The telephone sent its gentle buzz into the flexible speaker in his pillow, and Herman awoke. Not even opening his eyes, he said into the pillow, “I'm asleep, drop dead.”
“This is Grey.”
“You're fired, Grey.”
“Doon says he'll meet with you.”
“Call my secretary for an appointment.”
“But he says he'll only meet with you if you can come to the C24b tube station within thirty minutes.”
“That isn't even in my sector,” Herman complained.
“So he isn't trying to make it easy for you.”
Herman groaned and got out of bed, dressed in a suit that looked far from natty as he sagged out of the flat and into the corridors. The tubes were running at half-schedule at that time of morning, and Herman stumbled into one and followed the route that led him to station C24b. It was even less crowded than Herman's own area, and there on the platform waited an unprepossessing young man, only a little taller than Herman himself. He was alone.
“Doon?” Herman asked.
“Grandfather,” the young man answered. Herman looked at him blankly. Grandfather?
“Not possible.”
“Abner Doon, colt, out of filly Sylvaii, daughter of Herman Nuber and Birniss Humbol. An admirable pedigree, don't you think?”

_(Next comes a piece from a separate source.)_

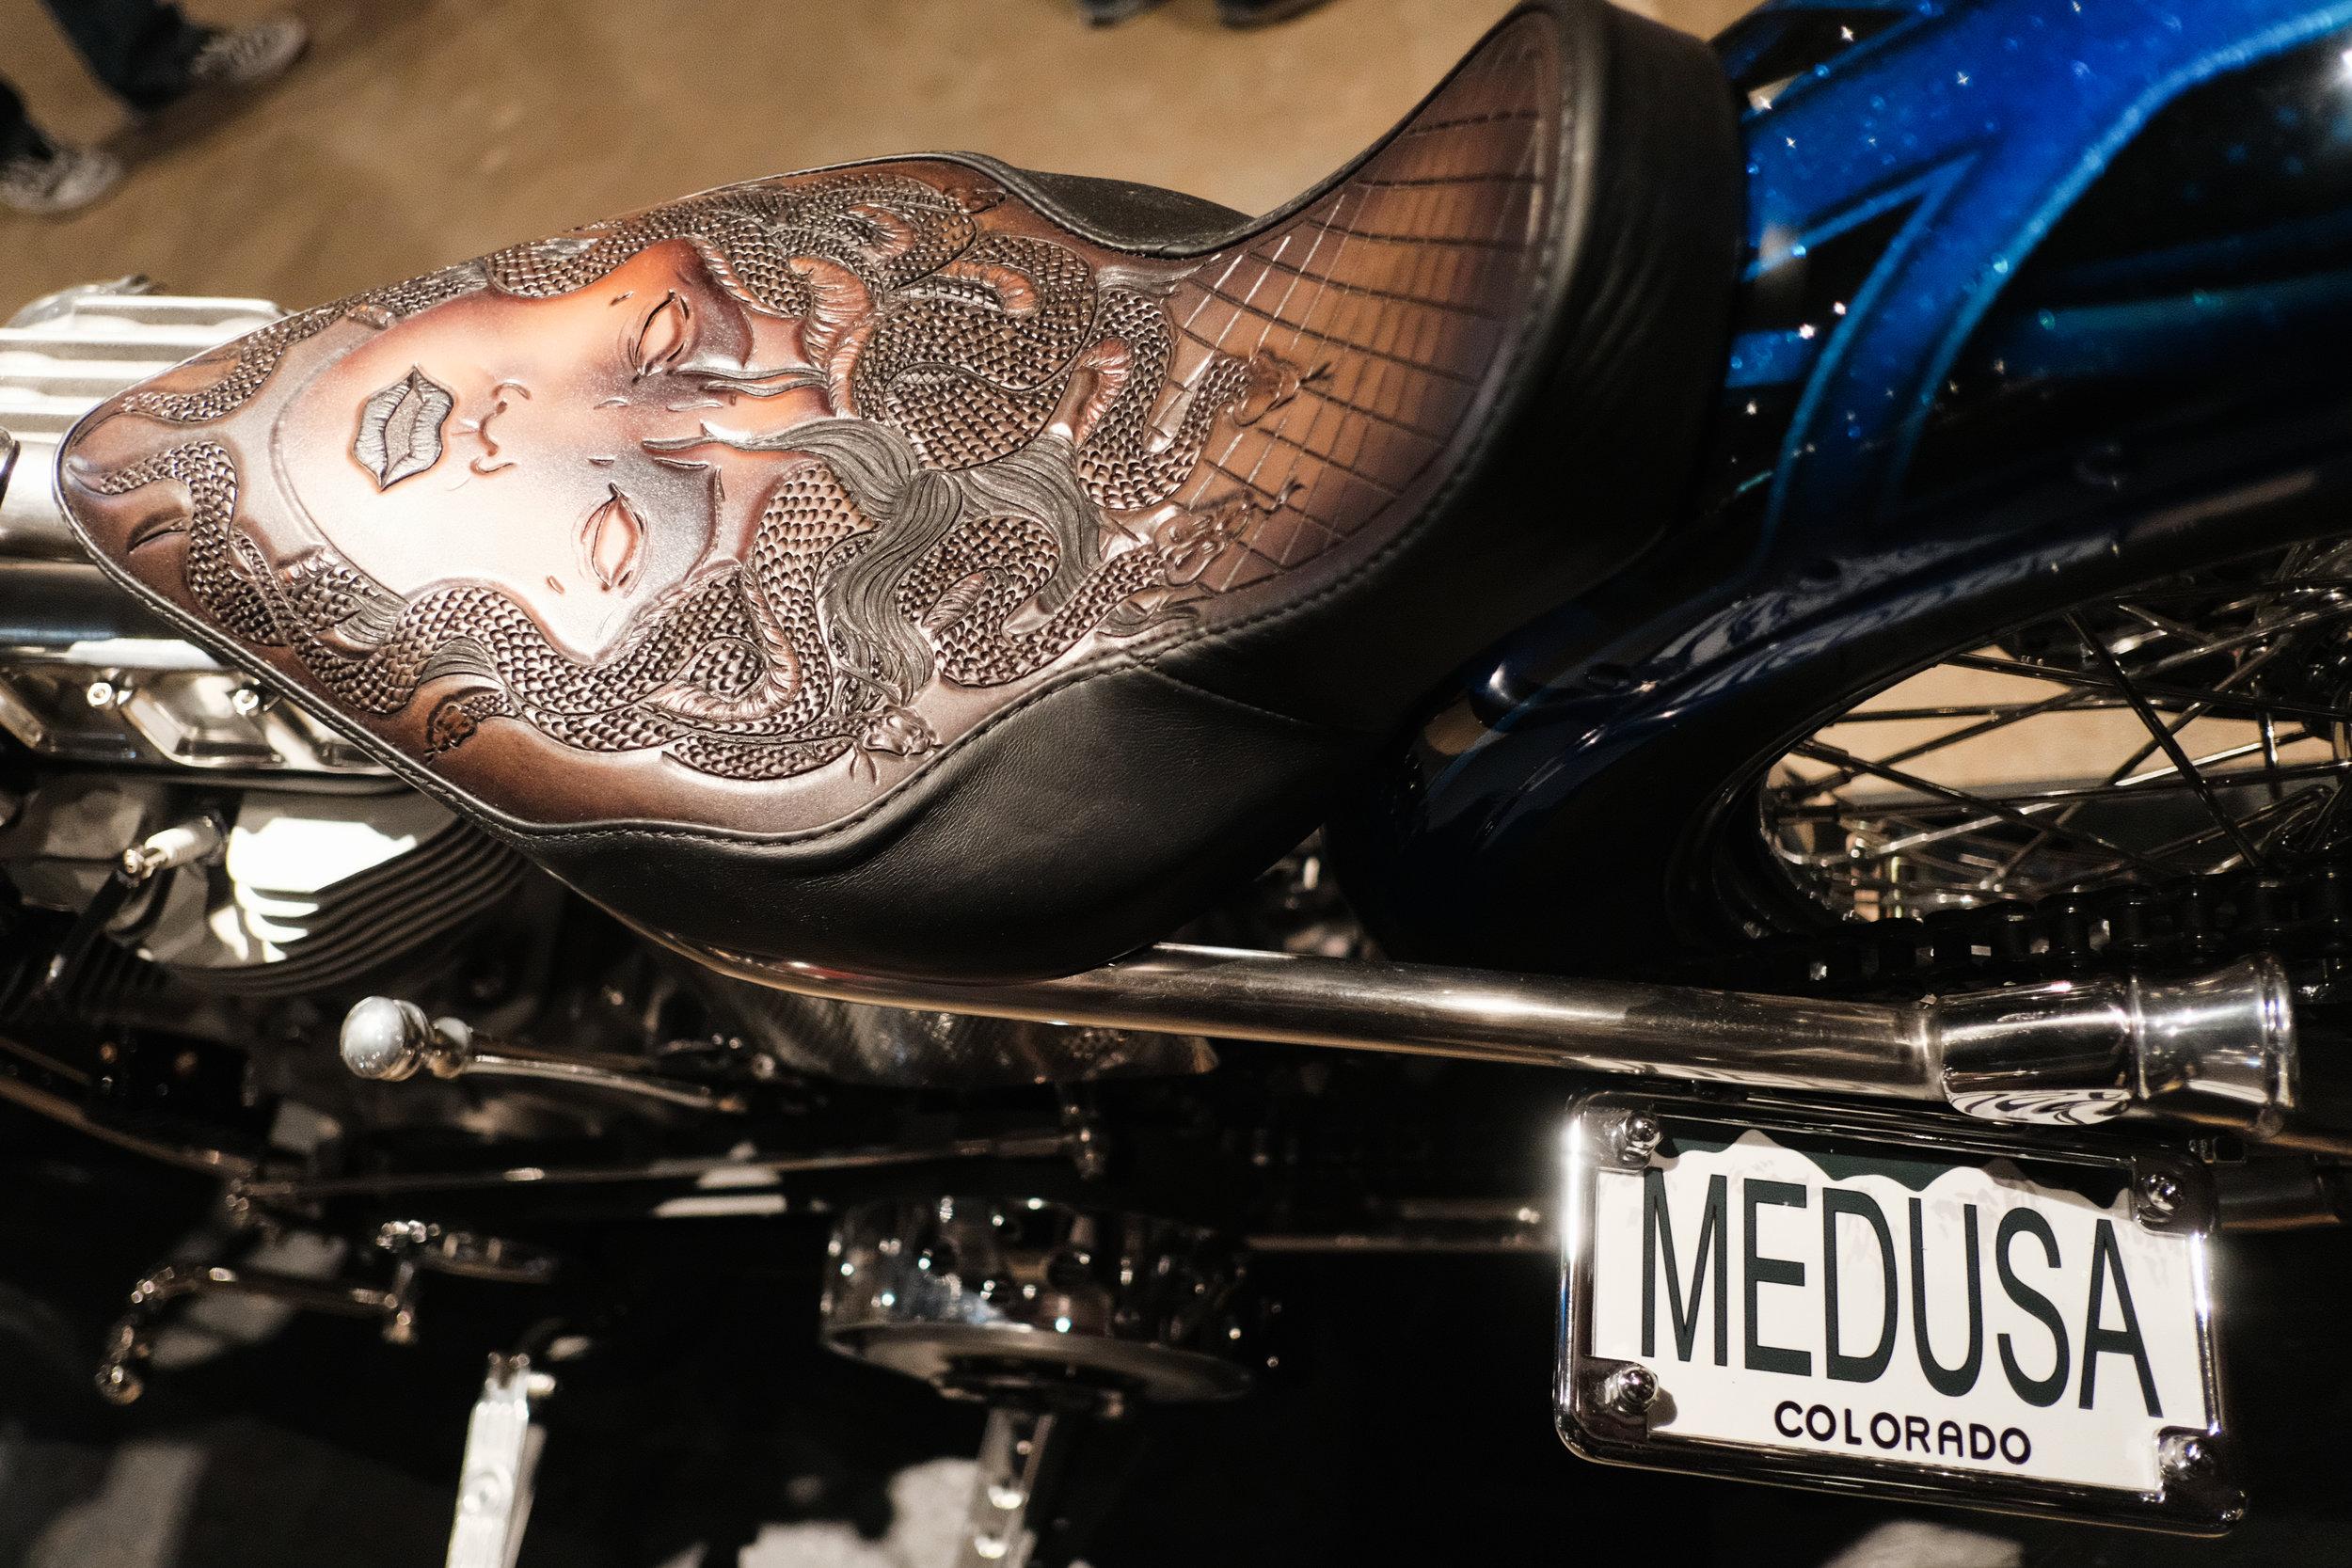 Handbuilt-Motorcycle-Show-2017-8439.jpg

Herman was appalled. After all these solitary years, to discover that his young tormentor was a relative—
“Dammit, boy, I have no family. What is this, vengeance for a divorce a hundred years ago? I paid your grandmother well.
If
you're telling the truth.”
But Doon only smiled. “Actually, Grandfather, I don't give a damn about your liaison and lacks of it with my grandmother. I don't like her anyway, and we haven't spoken in years. She says I'm too much like you. And so now when she comes out of somec, she doesn't even look me up. I visit her just to be annoying.”

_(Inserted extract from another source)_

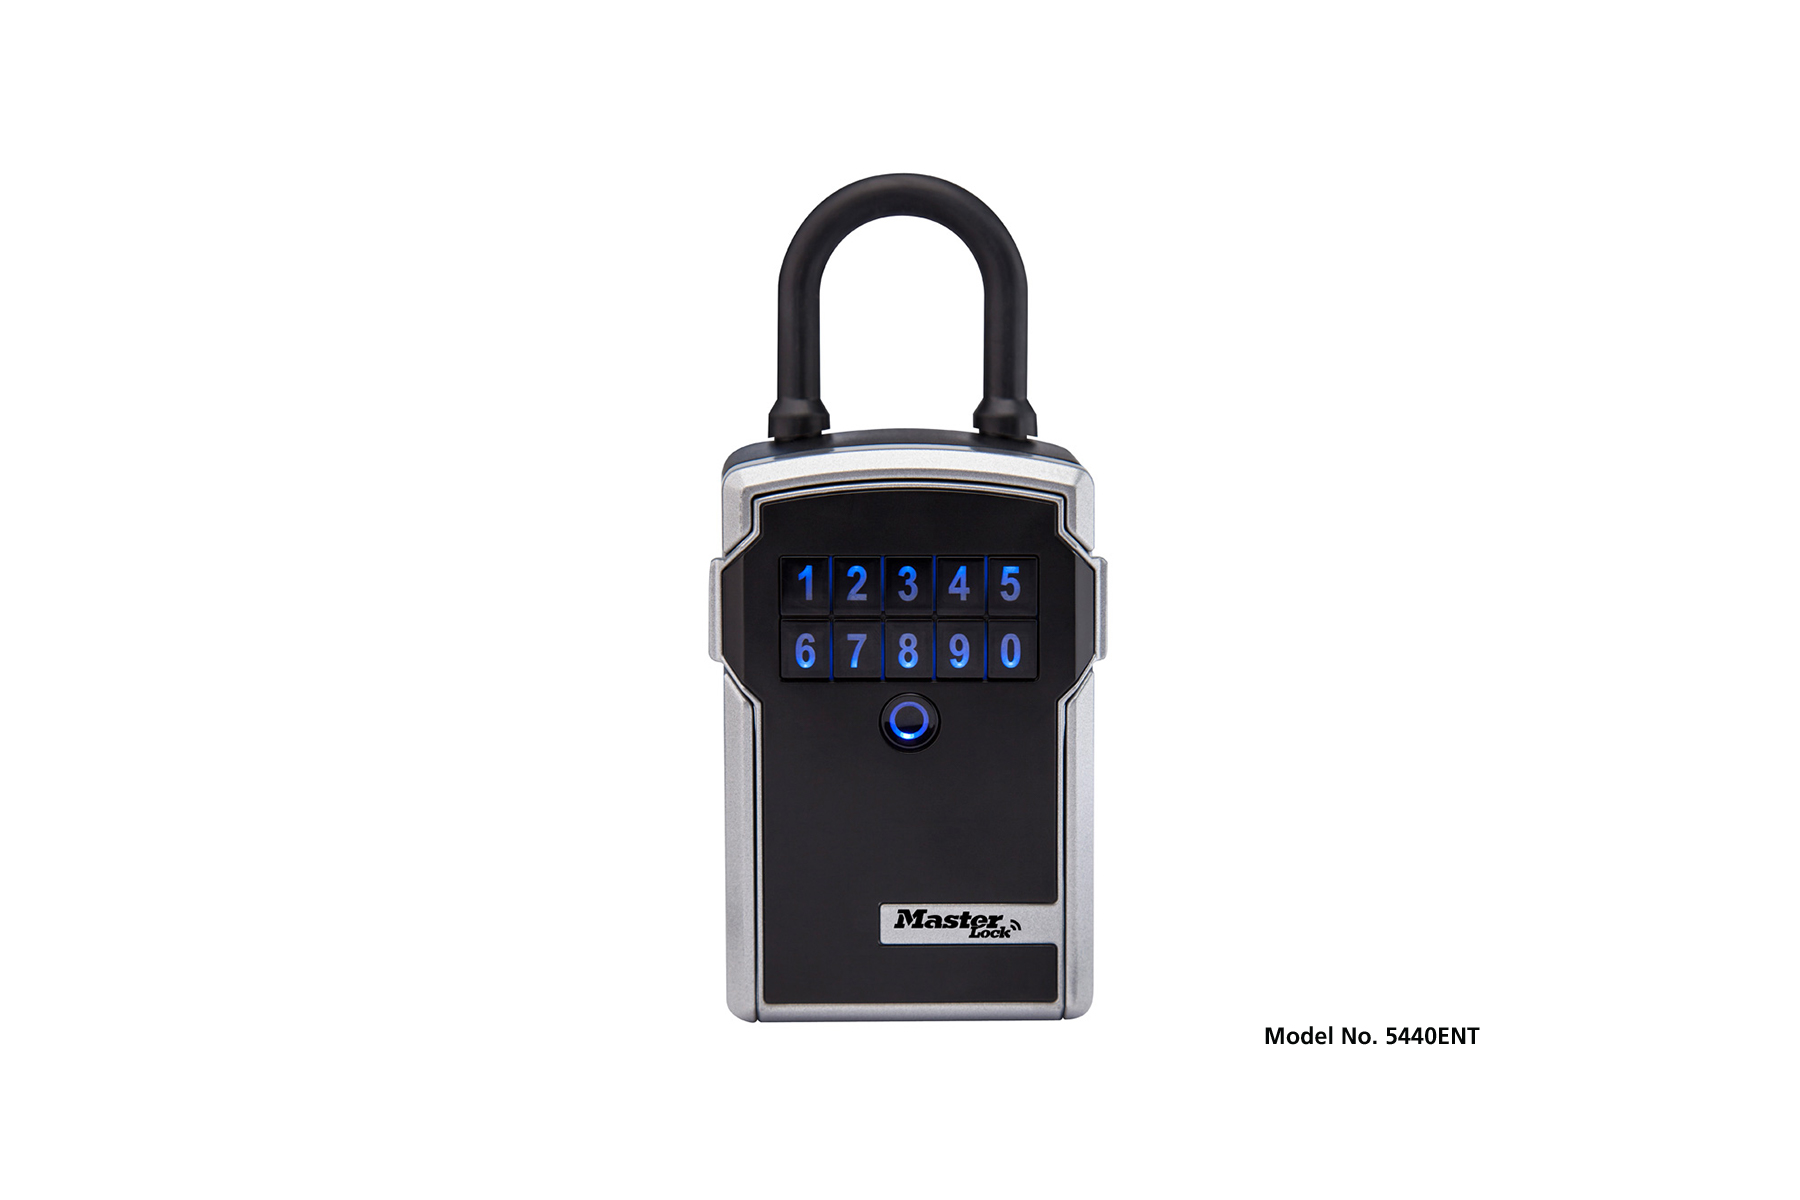 Master Lock Model No. 5440ENT

“A trait you seem to specialize in.”
“You find a long-lost grandchild, and already you're trying to cause division in the family. What an ugly way of dealing with family crises.”
And Doon turned on his heel. Since they hadn't yet discussed the game, Herman had no choice but to follow. “Listen, boy,” Herman said as he trotted doggedly behind the younger man's brisk walk, “I don't know what your purpose is with my game, but you certainly don't need any money. And you're certainly not going to win any bets, not the way you're playing.”
Doon smiled over his shoulder and went on walking down the corridors. “It rather depends, doesn't it, on what I'm betting on.”
“You mean you're betting that you'll lose? The way you're playing, you'd never get any takers.”
“No, Grandfather. As a matter of fact, I'm holding bets made months ago. Bets that Italy would be destroyed and utterly gone from Europe 1914d within two months of your waking.”
“Utterly destroyed!” Herman laughed. “Not a chance of that boy, I built too well, even for a games moron like you.”
Doon touched a door and it slid open.